The New Jersey Supreme Court is now considering the case, and it is that court that NJCJI hopes to persuade with its amicus brief. NJCJI argues that malpractice insurance is significantly different from automobile insurance, and thus New Jersey’s unique rules requiring automobile insurers to compensate innocent third parties even when the insurance policy held by the tortfeasor is void should not be extended to cases involving medical malpractice insurance. The statutory foundation the automobile rule is built on is simply inapplicable to any other type of insurance.
Furthermore, making a malpractice insurer liable in the face of an insured’s misrepresentations undermines the public’s trust in our system of justice, fosters cynicism and suspicion, drives up malpractice insurance costs for New Jersey’s doctors, and inhibits economic growth.
Joel S. Lippman, M.D. v. Ethicon, Inc., Supreme Court Docket No. 073324 (2014).
Can an employee performing activities as part of his or her core job functions, on that basis alone and without further conduct by the employee, seek whistleblower protection under the Conscientious Employee Protection Act (CEPA) if they are fired? This is the question the New Jersey Supreme Court is going to answer when it decides the case Lippman v. Ethicon, Inc.
Dr. Joel S. Lippman, M.D. was employed by Ortho-McNeil Pharmaceuticals, Inc (OMP) and Ethicon, Inc., both subsidiaries of Johnson & Johnson, from 1990-2000 and 2000-2006 respectively.
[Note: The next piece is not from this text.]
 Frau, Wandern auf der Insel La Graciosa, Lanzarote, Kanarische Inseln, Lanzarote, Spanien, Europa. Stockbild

At Ethicon, Lippman served as the company’s World-Wide Vice-President of Medical Affairs and Chief Medical Officer. His job involved reviewing possible adverse effects of products that had been brought to Ethicon’s attention by others, and serving on the company’s Quality Board, which was responsible for reviewing and making decisions regarding product safety and efficacy.
In 2006 Ethicon fired Lippman. Ethicon asserts Lippman was terminated after it was discovered he had an inappropriate relationship with a coworker who later sued for harassment. Lippman claims Ethicon used the relationship as a pretext to fire him for whistle-blowing, and is seeking protection under CEPA.
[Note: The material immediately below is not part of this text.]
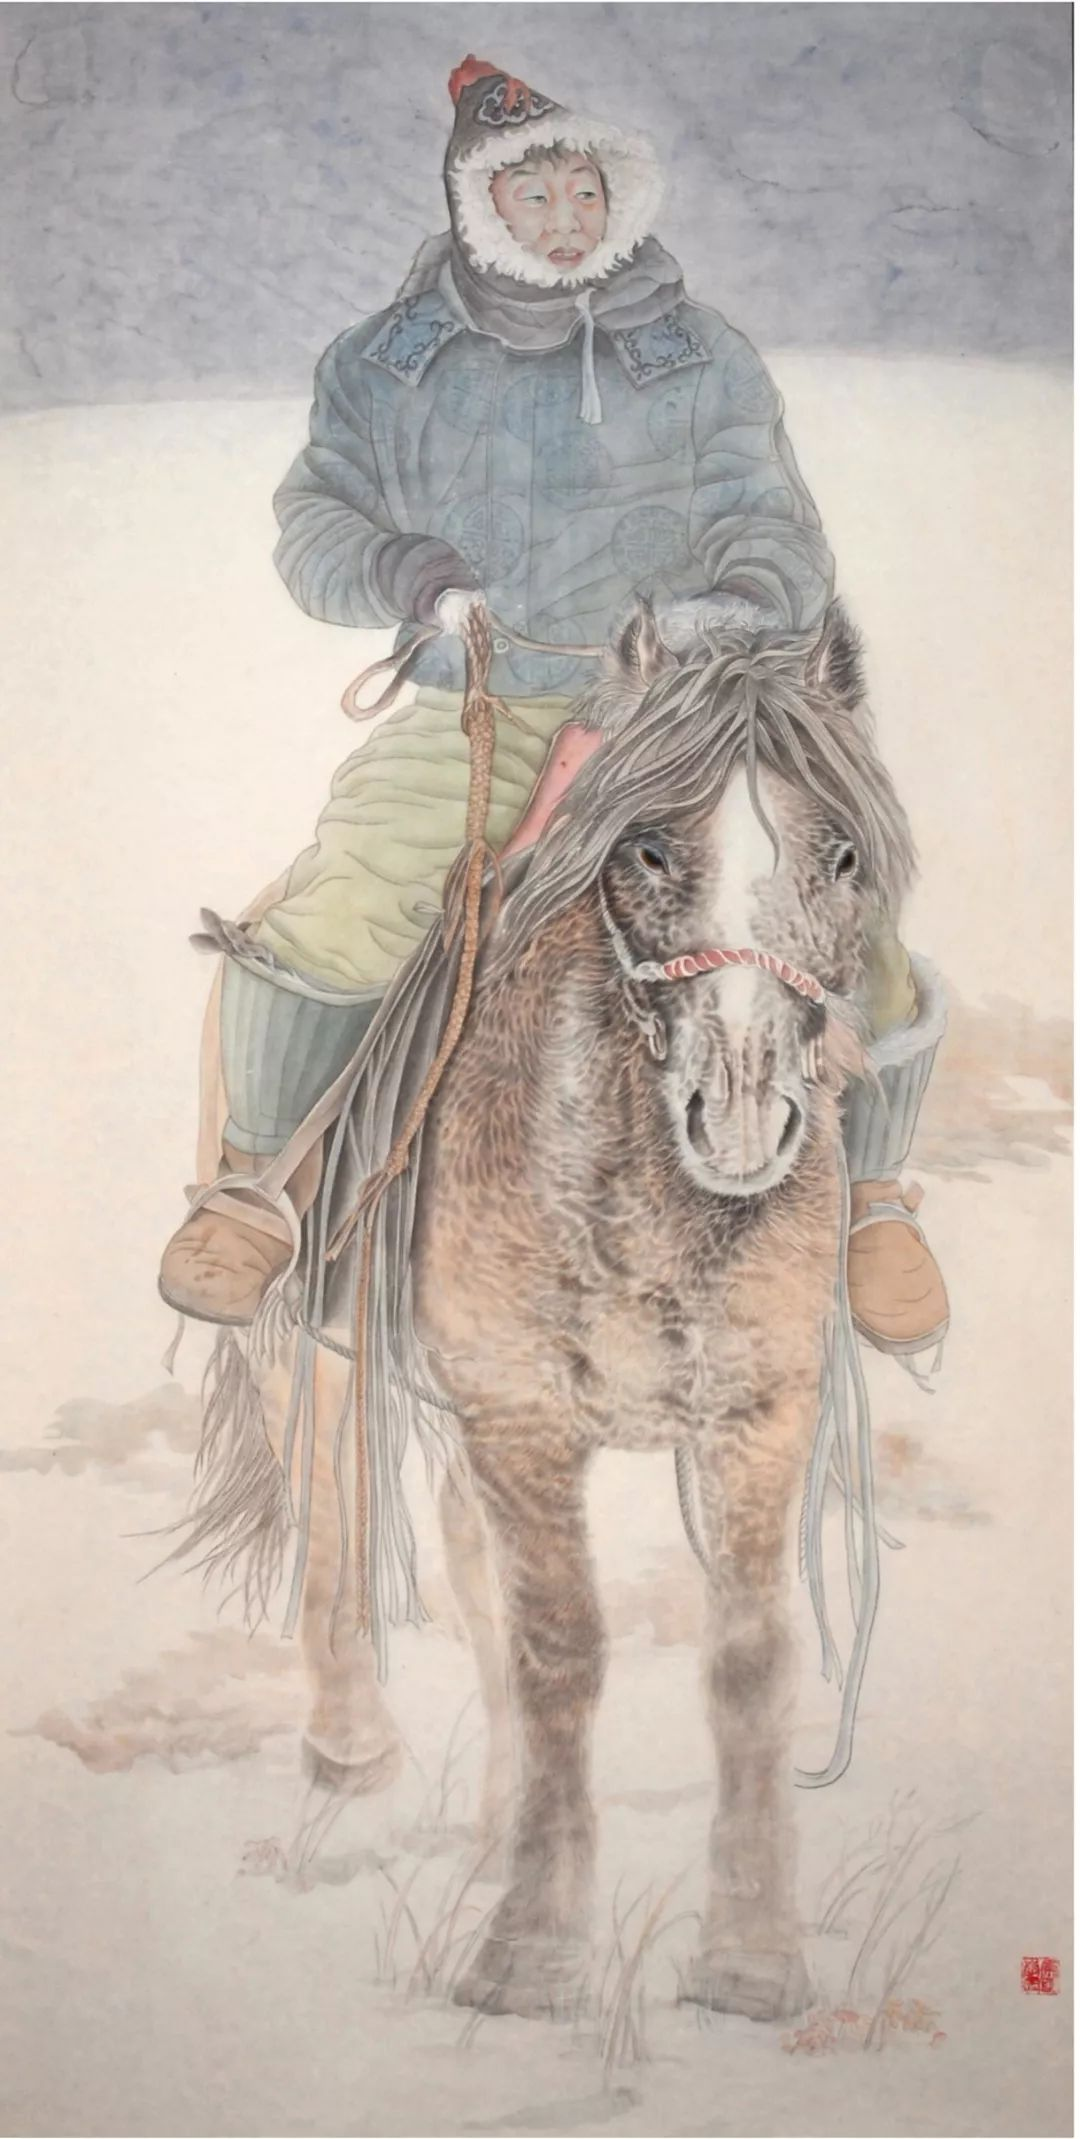 李金风国画作品欣赏 第15张 李金风国画作品欣赏 蒙古画廊

The trial court granted Ethicon’s motion for summary judgment, finding that it was Lippman’s job to bring forward concerns, so his actions did not count as whistleblowing protected by CEPA. The appellate court reversed and remanded, holding that CEPA does protect employees who are hired to be in-house whistleblowers.
The New Jersey Supreme Court has now taken up the case, and the New Jersey Civil Justice Institute and the New Jersey Business and Industry Association have filed a motion to participate as amicus curiae. NJCJI and NJBIA urge the high court to reverse the appellate court’s ruling and reaffirm that CEPA does not protect people who are hired to be in-house whistleblowers.
Keeping the distinction between actual whistleblowing covered by CEPA and activities that are part of an employee’s job is important for several reasons. First and foremost, framing internal, debate-based decision-making as whistleblowing that is actionable under CEPA will discourage companies from using that system, which is recognized as very effective, as a method of compliance control and risk management. This would likely skew decisions made about products in the future and stifle innovation, leading to decreased economic development and job creation in our state. Furthermore, it would become difficult to manage employees with compliance-related jobs because they could file a CEPA claim any time their employer makes a decision negatively impacting their employment.
Whistle-blowing under CEPA has long been understood to mean something different than doing your job if you are tasked with being an in-house watchdog. The court must maintain this distinction in deference to precedent and the legislature’s responsibility for policy-making.